Laser cutters are universal tools to cut various materials. There are different types of lasers to do the task, but not all of them are powerful enough to work with metal.
In this article, we’ll deal with CO2 and fiber laser cutters. These two types of laser cutters require special attention to be used properly.
To cut metal, you will need, at least, a 150 W machine with oxygen assist. It is also important to keep in mind that most CO2 lasers, can’t handle the laser being reflected back into the laser emitter. That’s why CO2 lasers in the 150-300 W range are good to work on steels that aren’t too reflective.
Observe proper safety measures when working with lasers and any flammable gas. Don’t forget to use and store oxygen safely.

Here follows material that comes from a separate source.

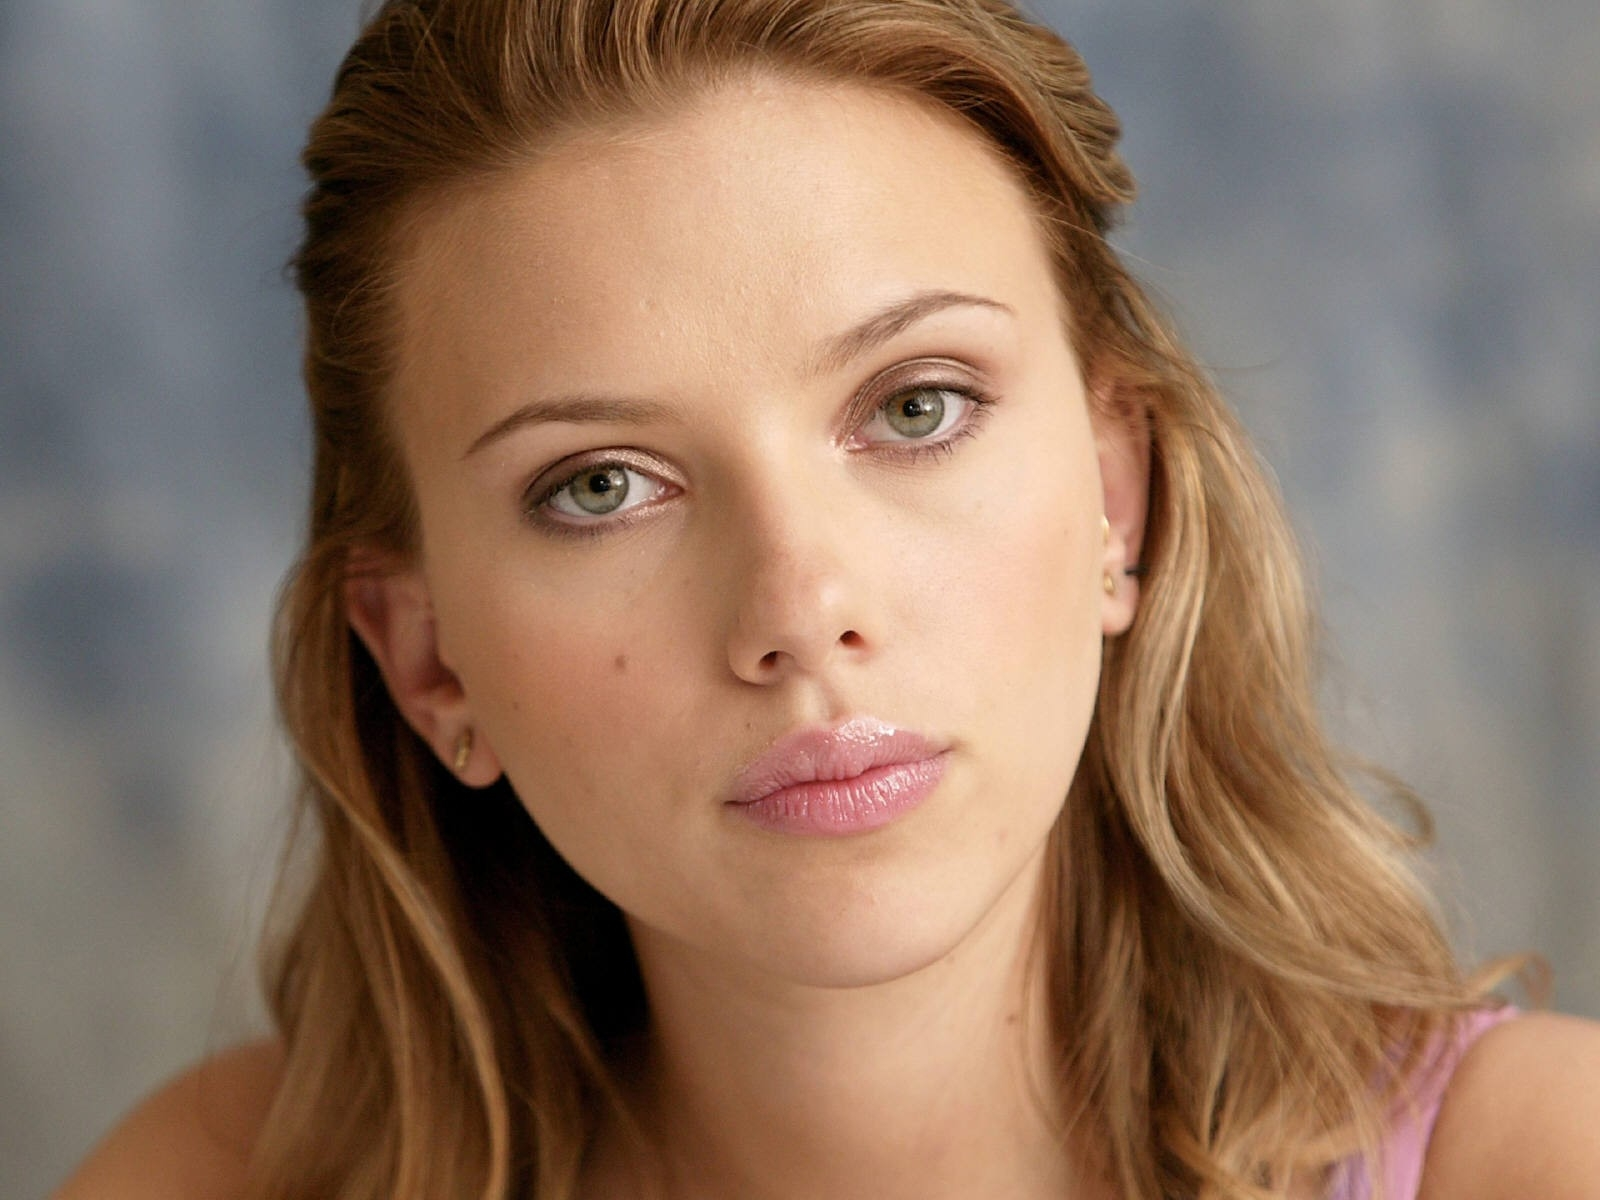 Scarlett Johansson Archives - HDWallSource.com

Fiber lasers work on a different principle and are several times more powerful than CO2 lasers, with nearly none of the drawbacks. Exposure to the laser beam, even indirect, can cause great harm such as burns and blindness. Wear the proper safety glasses for the laser’s frequency and use the appropriate laser enclosures and a well-ventilated area. To avoid leaving oils or other residues we recommend wearing gloves when adjusting components in the device.
Always be sure to have an ABC-rated fire extinguisher at hand to handle any extreme situation.
LASER CUTTING METAL
Fiber lasers are very powerful but more expensive. They can cut without a support gas and require less maintenance.
CO2 lasers are generally cheaper, but they need oxygen as gas assist and cut only less-reflective metals.
Because of the high prices (over $10,000), these machines are limited to professional and industrial use.
One of the options for makers and hobbyists is building a laser cutter of one’s own.
Properties of Metal
Before you start cutting metal you need to know important metal properties.
Metal unlike wood, acrylic, or cardboard, is reflective and heat conductive. So more intensive light is needed to cut through it.
Different metals have different properties, depending on which you need to choose the right laser cutter.
Here is a list of various metals that can be cut with lasers.
- Steel: Low reflective rating, easily cut with fiber lasers and high-powered CO2 lasers.
- Stainless steel: High reflective rating, easily cut with support gas.
- Aluminum: Medium–high reflective rating, can be cut with fiber lasers, more resistant to CO2 lasers.
- Copper: Medium–high reflective rating, highly conductive, easily cut with fiber lasers if under 0.5 mm thick (anything higher requires multiple passes; using oxygen as a cutting gas).
- Brass: Medium–high reflective rating, harder than copper, ideal for nitrogen.
Gas assist (nitrogen or oxygen) makes the cutting process easier by clearing out debris or heating up the cutting area.
To get the best possible results, you need to choose the proper laser cutter for the material you are going to work with and to follow some simple tips.
- Conduct tests.a) Do a test run with your software without the laser running to expose any possible mistakes that may occur and to secure oneself against time and material loss. b) Do a test run on scrap material with the laser running to focus the beam and set the power and speed parameters. c) Cut test templates every time when you experiment with new materials
- Elevate the material. Use an elevated platform (on spikes or a honeycombed work surface) to save heat from dissipating and the machine from molten material.
- Make good cuts. When cutting, make sure that all the parts are completely cut out from the stock material to make post-processing easier and the final result better.
- Separate gas from the laser. When using oxygen gas-assist with CO2 lasers or oxygen or nitrogen with fiber lasers, keep the gas tank in a separate, flame-proof container as far from the machine as possible for safety.
Cutting metal doesn’t really differ from cutting wood or acrylic. The laser cutter emits a beam that melts or vaporizes the material, using a gas-assist that either helps heat the material and blow away debris or just expels debris.
Finding the correct focus point, power, and speed, the correct pulse, and amount of power to use for different materials through testing is the path to get successful results in metal laser cutting. It is also important to bear in mind to use a CO2 laser for cutting only low-reflective metals such as steel. While fiber lasers are good for cutting through most metals.
Once you have the proper machine and parameters and take the necessary precautions, the process will go smoothly.
When the work is done, always check through your machine to make sure that all the components are clean and in good working order. Maintaining a well-tuned machine is the key to your successful work.
Cut out metal pieces may need a cleaner finish. To improve the cut sharp edges it is helpful to use a deburring tool or sanding down. There are also other means of finishing the ready product and adding some extra character to it such as painting, polishing, acid etching, hydro dipping, and more.